Of course, none of this excused any of Emmie's crimes, but it explained why she was so desperate for a Dolly. She was lonely. She loved her sister, at least as much as someone as broken and twisted as her could love, but Angie was a very busy woman. Whether she wanted to or not, she didn't always have time for Emmie, and that made Emmie sad. She wanted a playmate and a plaything.
The true yandere was not Emmie, but Angie, the Dolly was starting to realize that now. Angie knew what was hers, and she knew how to keep it that way, and there was no line she wouldn't cross to see it done. Emmie was Angie's most prized possession, but she was still a possession. That meant Angie would use and abuse her as she saw fit, taking none of Emmie's whims, wills, or wants into account at all. Sometimes, it was as if she forgot her sister was human, and not just an object to own. Then again, the humanity of either sister was very much in question.
All that mattered was remembering that whatever Angie wanted, Angie got, and whatever belonged to her, stayed as hers. She never let any of her possessions go, and that applied to people just as much as it did to items. She would never let Emmie leave or have anyone else in her life more important than her big sis. Angie would see to it personally. Emmie was hers. That was that. They didn't need anyone else, and anyone else who was interested could find their own pack somewhere else.

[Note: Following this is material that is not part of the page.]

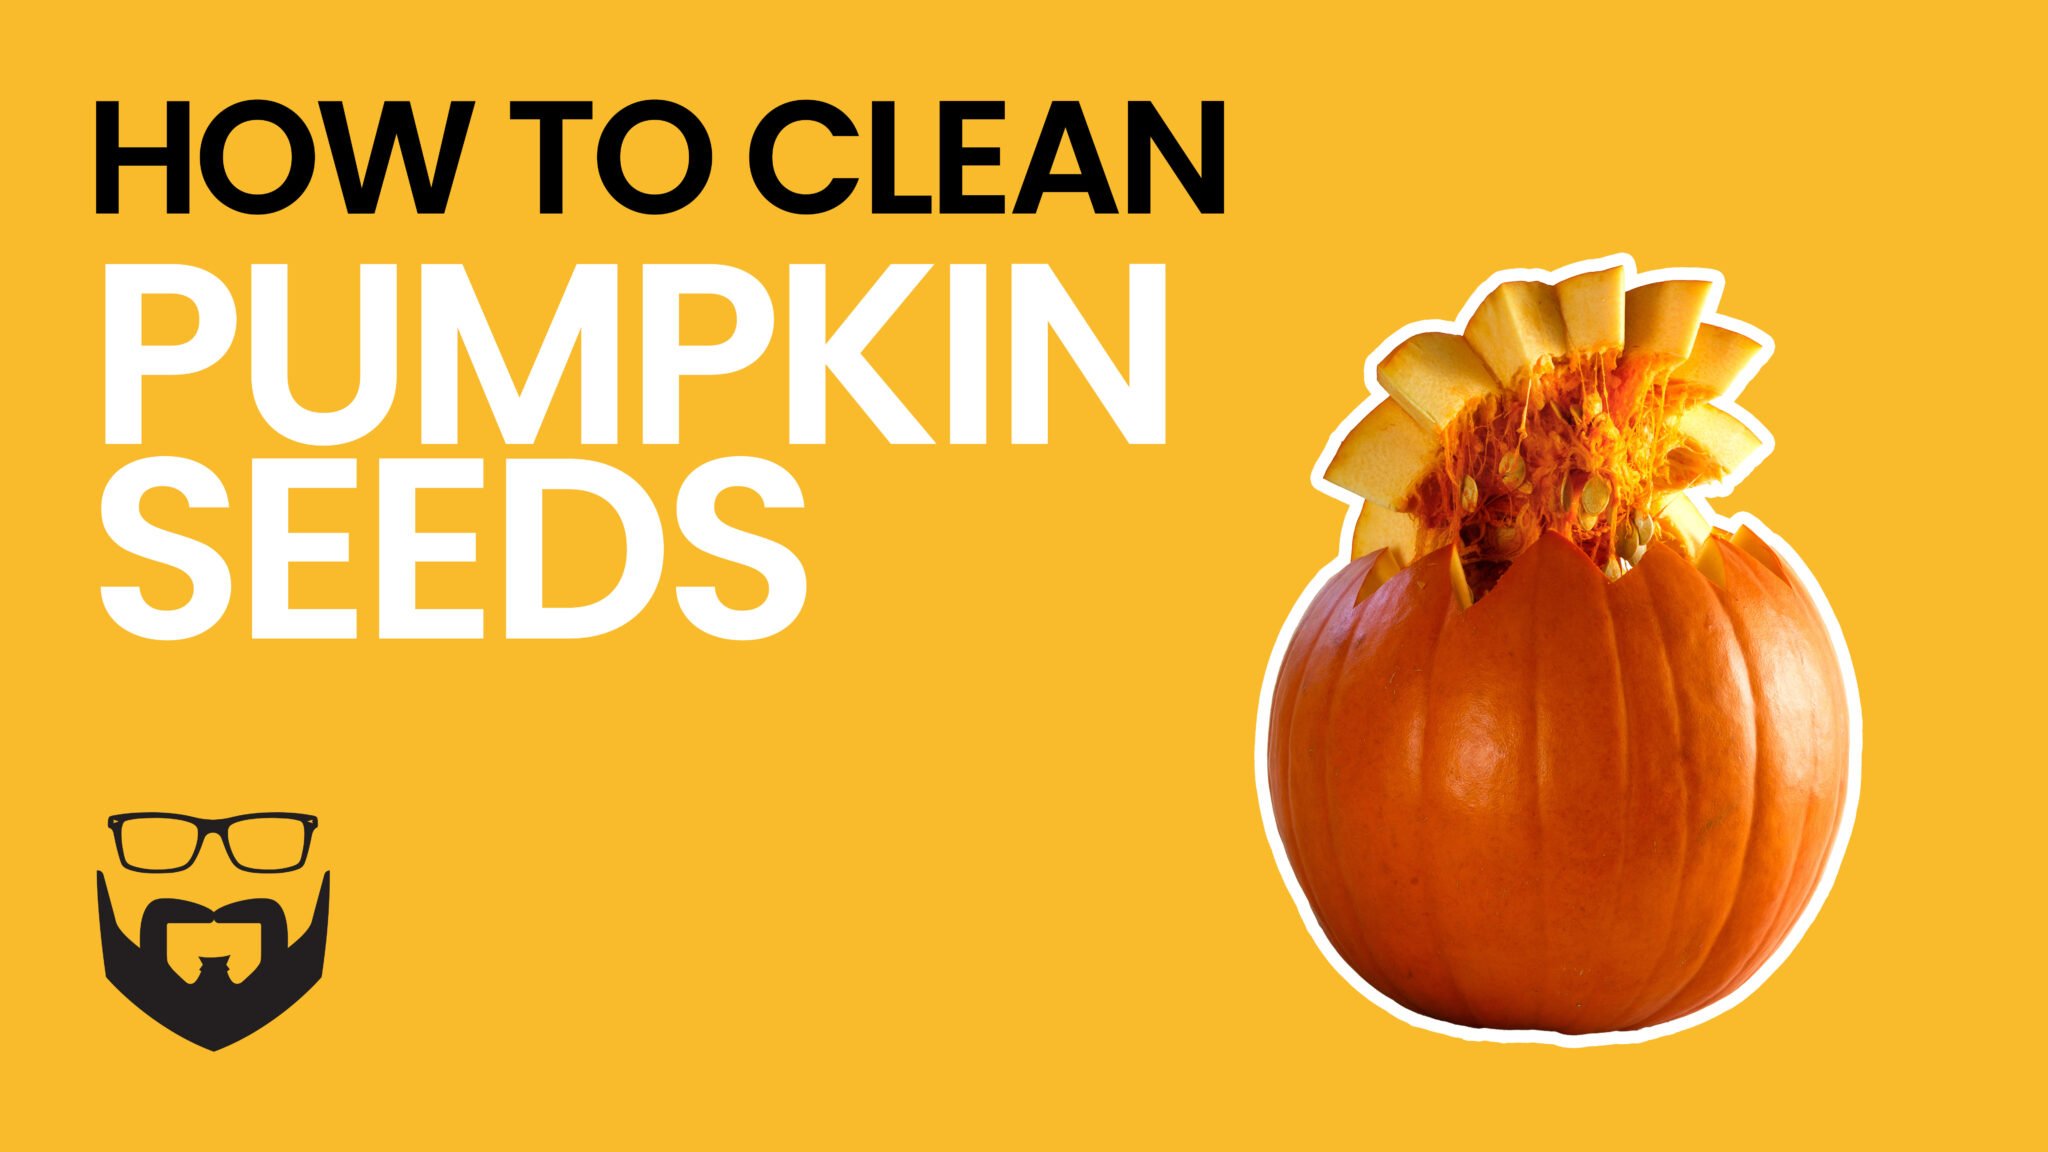 How to Clean Pumpkin Seeds Video - Yellow

The Dolly scurried from her hiding place after that, swift to return to a more… public place of Angie's abode. The last thing she wanted was for Angie to come back and discover her hiding in the empty room. Emmie was running more errands for Angie, hence why the Dolly was not with Emmie today. As she raced back to the upstairs, she remembered something else.
Angie and Emmie owned properties and hideouts around the country, but of the handful they frequented the most often, Emmie sometimes called them Dollhouses (though Angie preferred to call them Abattoirs since it sounded more refined). The Dolly had come to see just how fitting both names really were. It was a place of slaughter, certainly, and none inside would ever escape the iron grip of the cruel head of the house.
The world was a stage, Angie was the director, and she was more than happy to collect and kill off as many cast members and characters as she wanted. It was her story after all, as far as she was concerned, and who would tell her otherwise? Toys did not challenge their maker, and the world would've been wise to remember that she was the one who pulled all the strings.